Posted by on Nov 14, 2013

Joining a Church?

What does it mean to “join” a church?  Is membership important?  What does church involvement look like?  What are the core values at play, and where do they come from?

Although I won’t attempt to answer all these questions here, I do want to highlight a couple of my favorite scriptures on church participation, and I pray these will be an encouragement for those considering a bigger role in their faith community.  I also hope to provide a framework for pastors and leaders as they communicate the value of “joining in” in a deeper way…

“As you come to him, the living Stone—rejected by humans but chosen by God and precious to him— you also, like living stones, are being built into a spiritual house to be a holy priesthood, offering spiritual sacrifices acceptable to God through Jesus Christ.” (1 PETER 2:4-5)

Present yourselves as building stones for the construction of a sanctuary vibrant with life, in which you’ll serve as holy priests offering Christ-approved lives up to God,” is how The Message paraphrase sums up this passage, and I love the language here!  These scriptures tell us that since church members are “living stones” we need everyone involved for the sanctuary to be “vibrant with life.”  Vibrant church is not a spectator sport.  The Bible calls the church the “body” of Christ…a living, moving, organism where every cell counts.

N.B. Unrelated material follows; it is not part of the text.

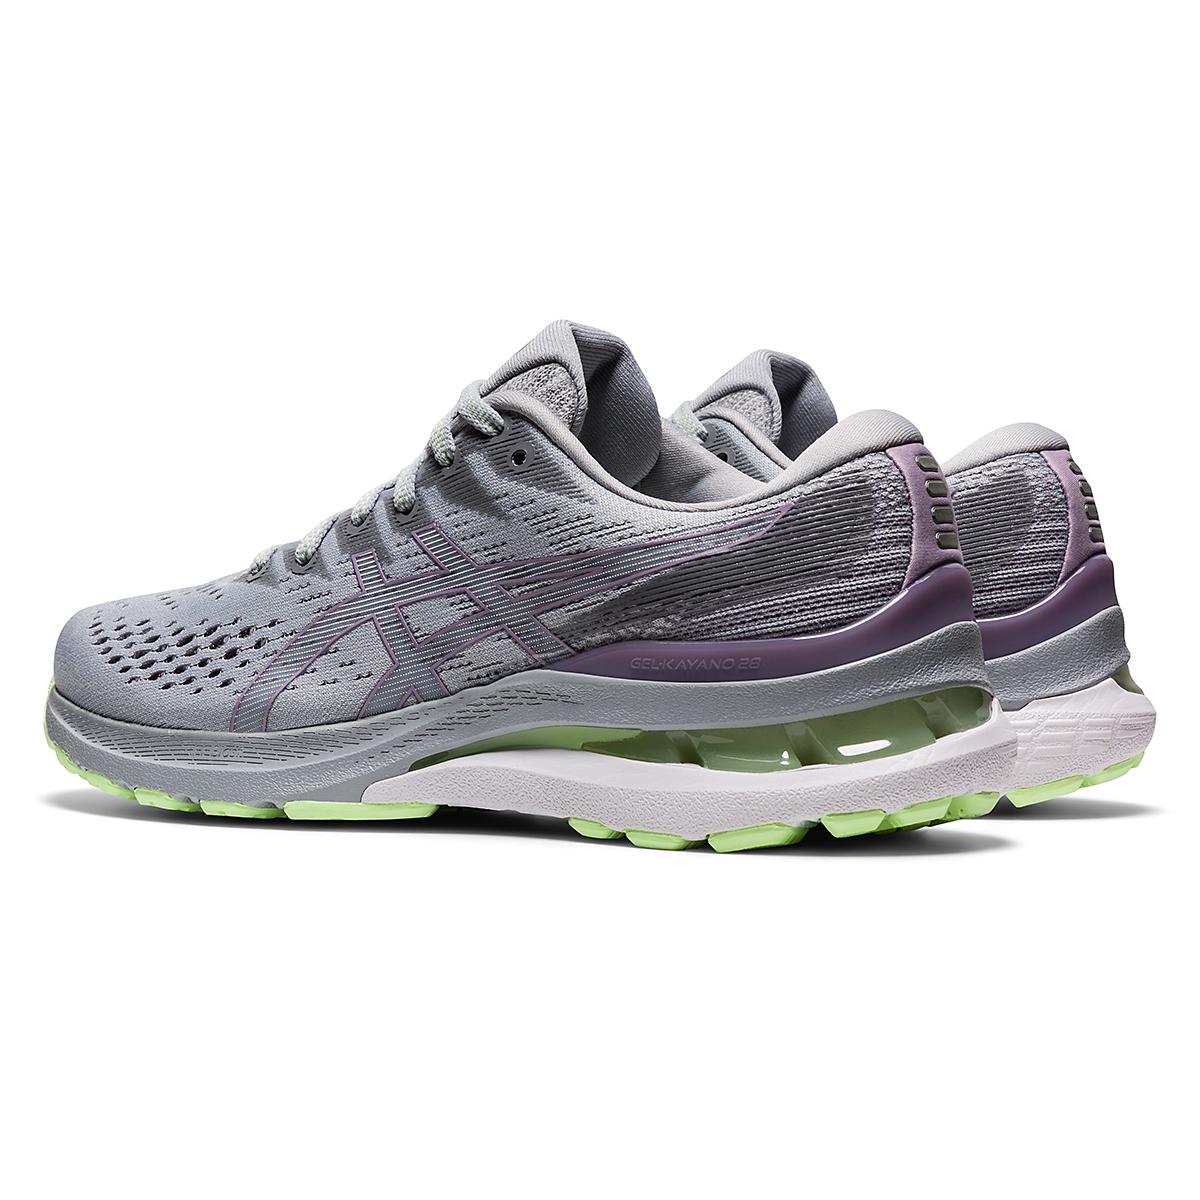 Women's Asics Gel-Kayano 28 Running Shoe - Color: Piedmont Grey/Lavender - Size: 5 - Width: Regular, Piedmont Grey/Lavender, large, image 4

Peter goes on to say in 2:9-10:  “But you are a chosen people, a royal priesthood, a holy nation, God’s special possession, that you may declare the praises of him who called you out of darkness into his wonderful light. Once you were not a people, but now you are the people of God…”

But you are the ones chosen by God, chosen for the high calling of priestly work, chosen to be a holy people, God’s instruments to do his work and speak out for him, to tell others of the night-and-day difference he made for you—from nothing to something, from rejected to accepted.” (The Message)

This is where we get the phrase “the priesthood of all believers,” and it’s a beautiful picture.  Can you imagine it?  Everyone getting into the action of God’s work in the world, everyone playing a vital part in the grand story of the Gospel, every church member exercising his or her priestly calling and gifting within their community of faith…this is a picture worth fighting for!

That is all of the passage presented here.